◆ How to complete this task ◆
What you return must be an exact copy of the lines in the listing below between the line holding "Persimmon salad from chef Anita Jaisinghani" and the line holding "Higher and Higher- Best Of Moshav Band", inclusive, and nothing more.

◆ Extracted data ◆
──────────
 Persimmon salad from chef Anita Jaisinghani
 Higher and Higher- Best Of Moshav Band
──────────
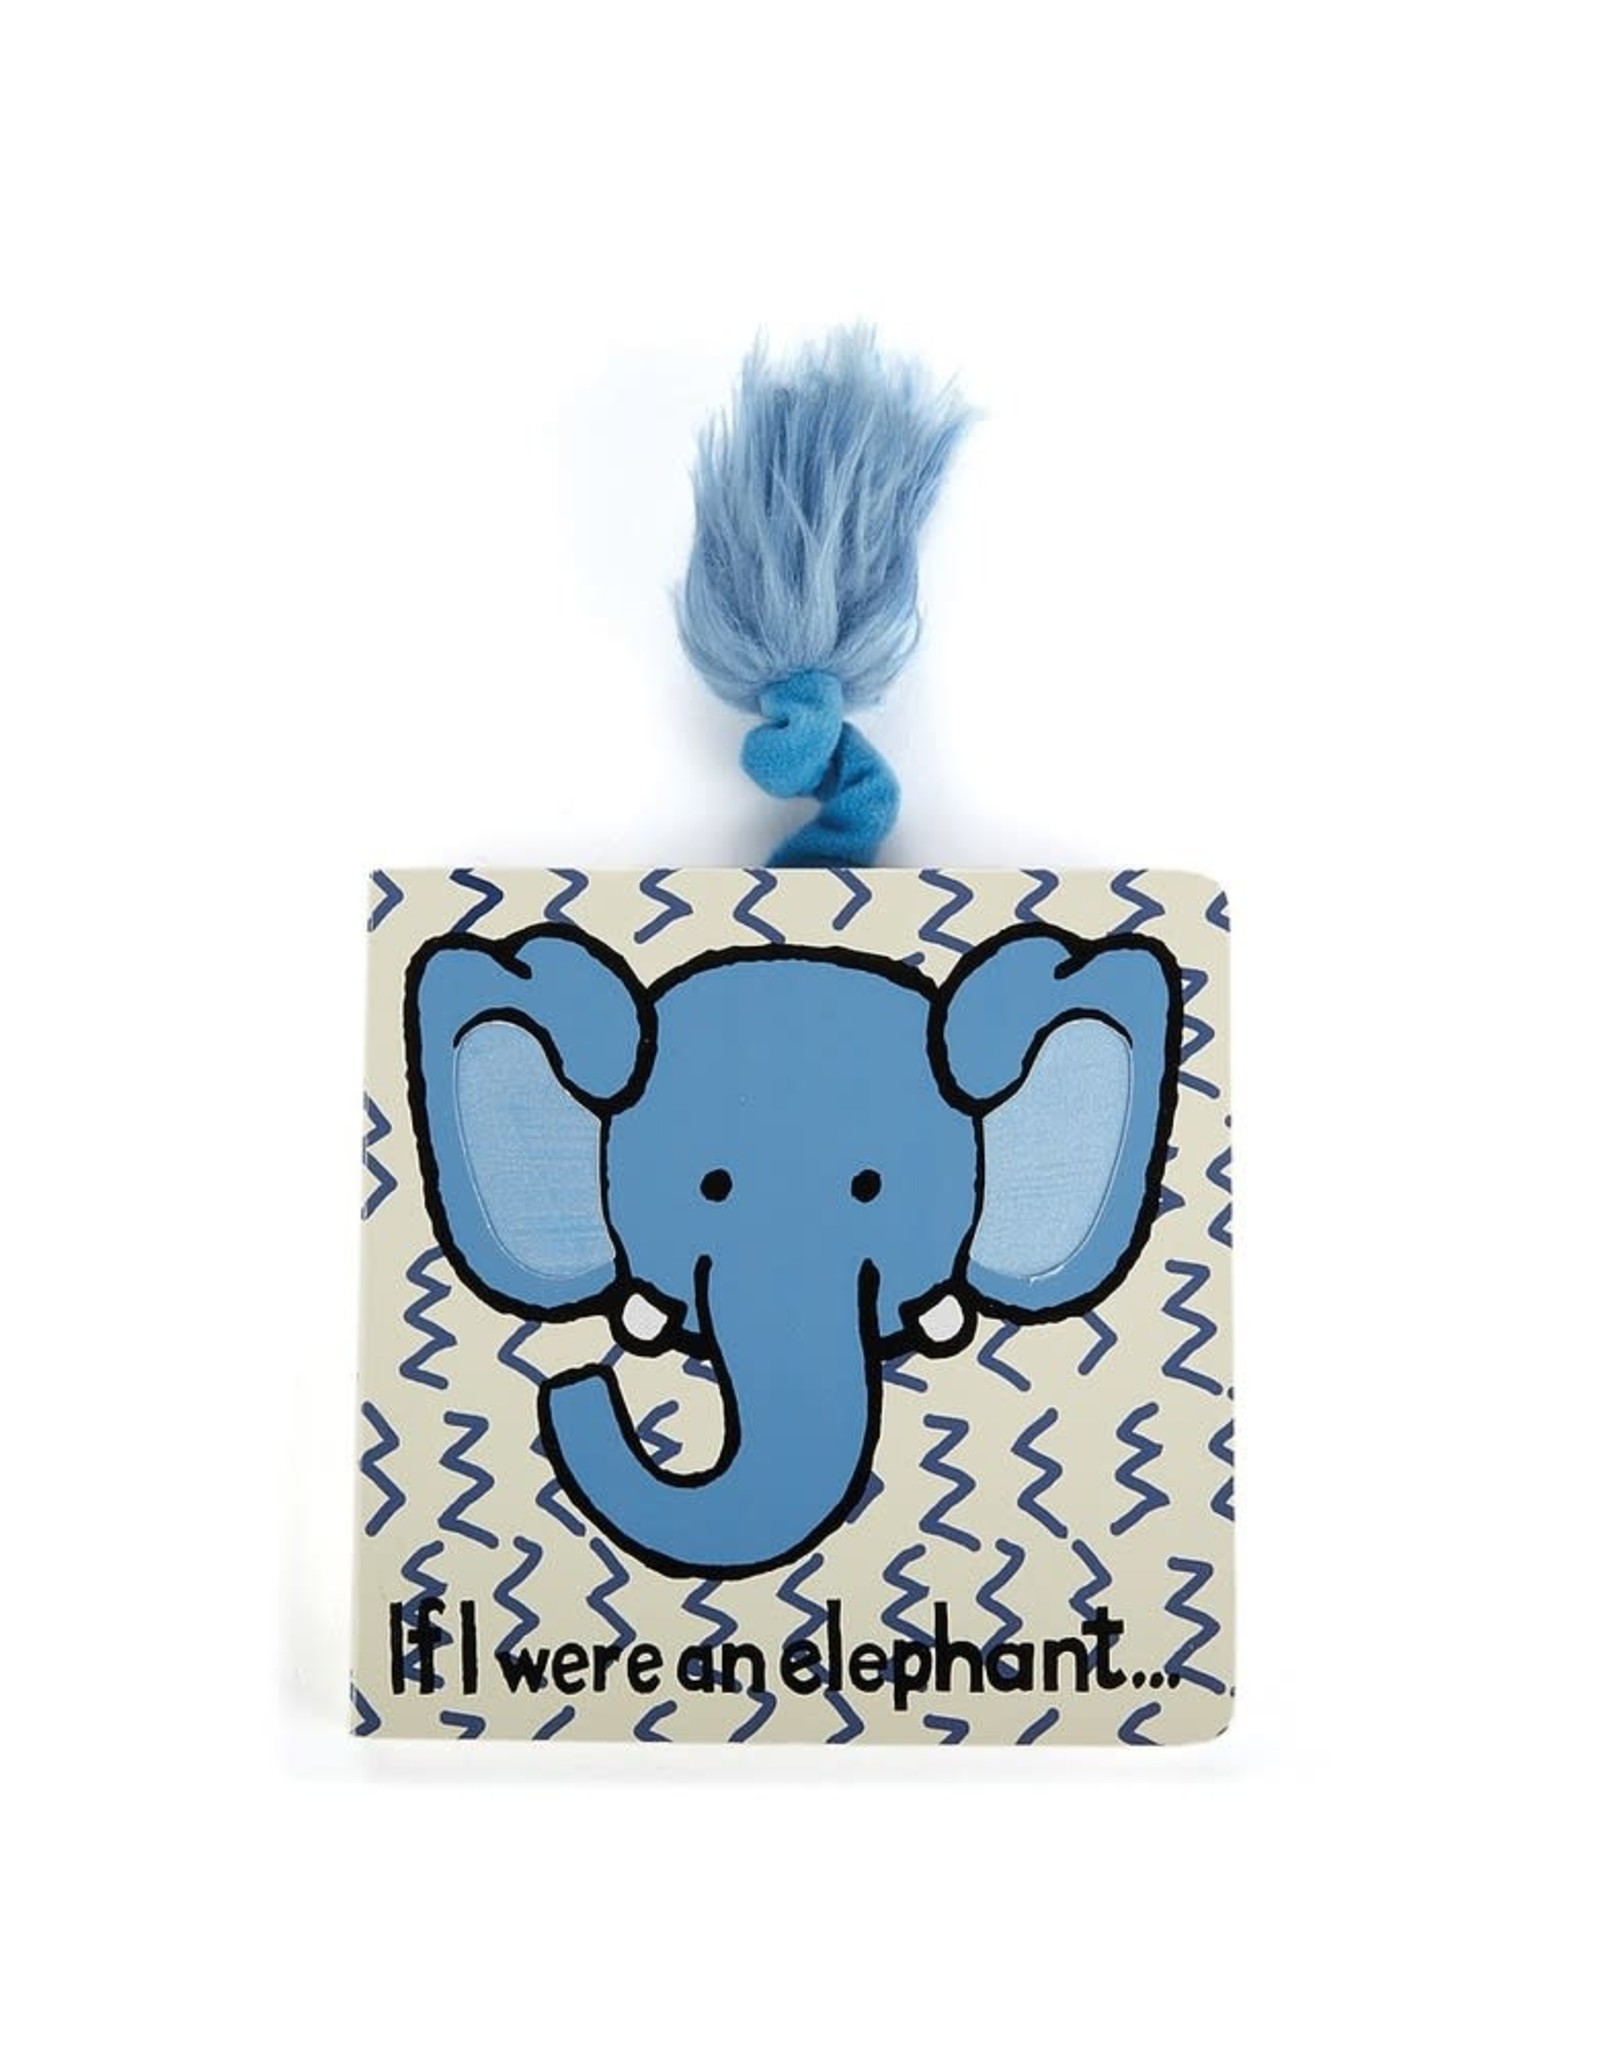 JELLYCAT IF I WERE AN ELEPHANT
──────────
◆ Written solution ◆
 Persimmon salad from chef Anita Jaisinghani
 Higher and Higher- Best Of Moshav Band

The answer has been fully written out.